Не нужно забывать, что Ветры, то есть Зефиры и Бореи, должны петь, но как же смогу я, дорогой Синьор, подражать говору Ветров, когда они не говорят! И как я смогу этими средствами растрогать слушателя! Ариадна трогает, потому что это была женщина, а Орфей — потому что это был мужчина, а не Ветер… Ариадна довела меня до слез, Орфей заставлял меня молиться, а этот миф… я, право, не знаю, какова его цель? Как же Ваша милость хочет, чтобы музыка из него что-то сделала?[102]
Но и для выражения нечеловеческих явлений у оперы нашлись особенные средства — не только адские тромбоны и другие находки Монтеверди, но в целом принцип «чем дальше от естественного тембра
голоса, тем страшнее». Если код человеческого мира в опере — это голос, то для потустороннего опера в разные века будет искать возможности трансформации голоса и все новые коды.Тем временем естественное человеческое чувство в его разнообразных нюансах вплоть до эротического становится предметом искусства, в том числе музыки, поэзии и оперы. Один пример — «Каллисто» Франческо Кавалли на сюжет из «Метаморфоз» Овидия в свободном пересказе либреттиста Джованни Фаустини. Среди пастушек и пастухов в идиллической Аркадии развивается сразу несколько параллельных любовных линий (Юпитер влюблен в Каллисто, Диана — в Эндимиона, Пан — в Диану), сцены соблазнения заглавной героини переодетым Дианой Юпитером и неловкости Каллисто, приходящей с благодарностью к Диане, выписаны с массой чудесных, иронически увиденных подробностей, включая мифологически неточную радость Каллисто. Трагическое и комическое сосуществовали рядом — публике нравилось, когда в сцене соблазнения Юпитер в образе Дианы переходил с естественного баритона в регистр сопрано. Сама судьба Каллисто в опере и смешна, и безрадостна, а музыка не позволяет не услышать игру нюансов жажды чувства, обманутых ожиданий и разочарований.
Галопом по Европам (Мантуя, Рим, Венеция и далее)
За первыми исследованиями Камераты о применимости античной трагедии в современной музыке следовали новые флорентийские оперы, но настоящий центр оперной деятельности ненадолго переместился в Мантую. Здесь Монтеверди был придворным композитором, Стриджо — придворным секретарем.
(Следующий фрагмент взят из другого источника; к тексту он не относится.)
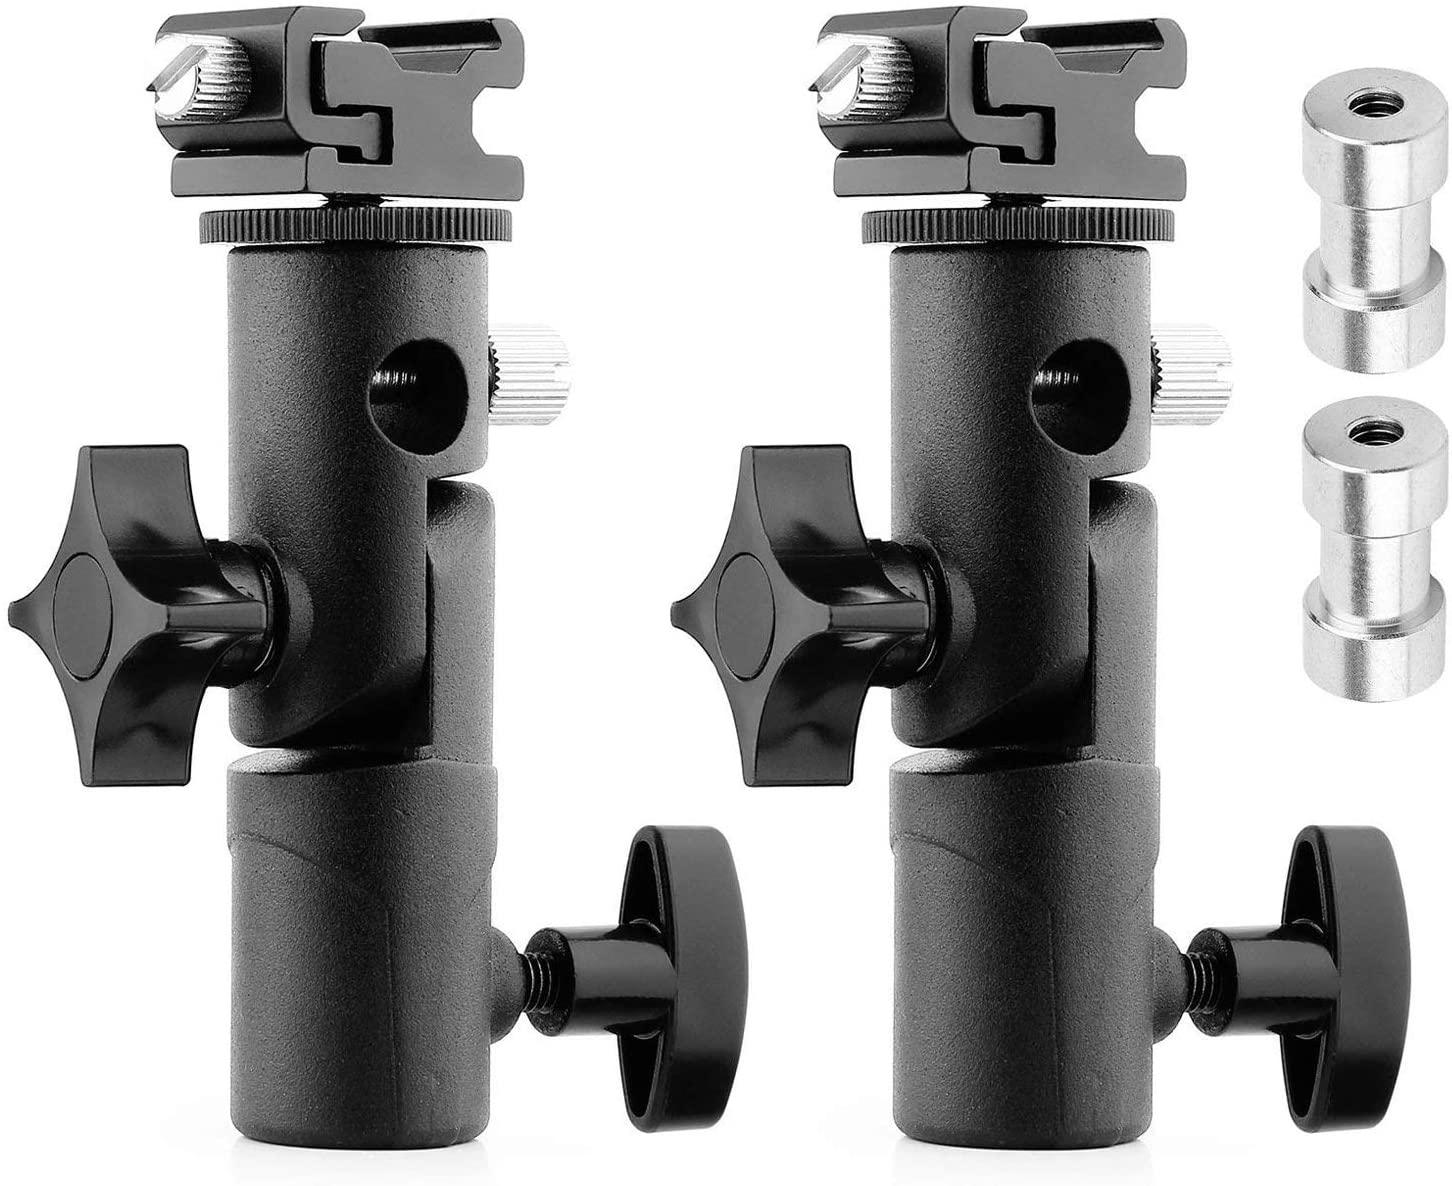 CHUN-Accessory - Top Deals 2Pack Camera Flash Speedlite Mount Swivel Light Stand Bracket with Umbrella Reflector Holder for Camera DSLR N-ikon

Их «Орфей» явно вдохновлен опытами флорентийцев, но музыка гораздо разнообразнее: речитатив чередуется с песней и танцем, из строф и рефренов складывается цельная музыкальная форма (а в сцене с Хароном — словно встроенная инструкция-упражнение на эмоциональную силу музыкального воздействия, когда все более и более экспрессивная музыка должна растопить лед сердца слушателя и одновременно усыпить Харона), а оркестр с большой группой континуо и парными виолами, арфами, тромбонами и другими инструментами — богаче.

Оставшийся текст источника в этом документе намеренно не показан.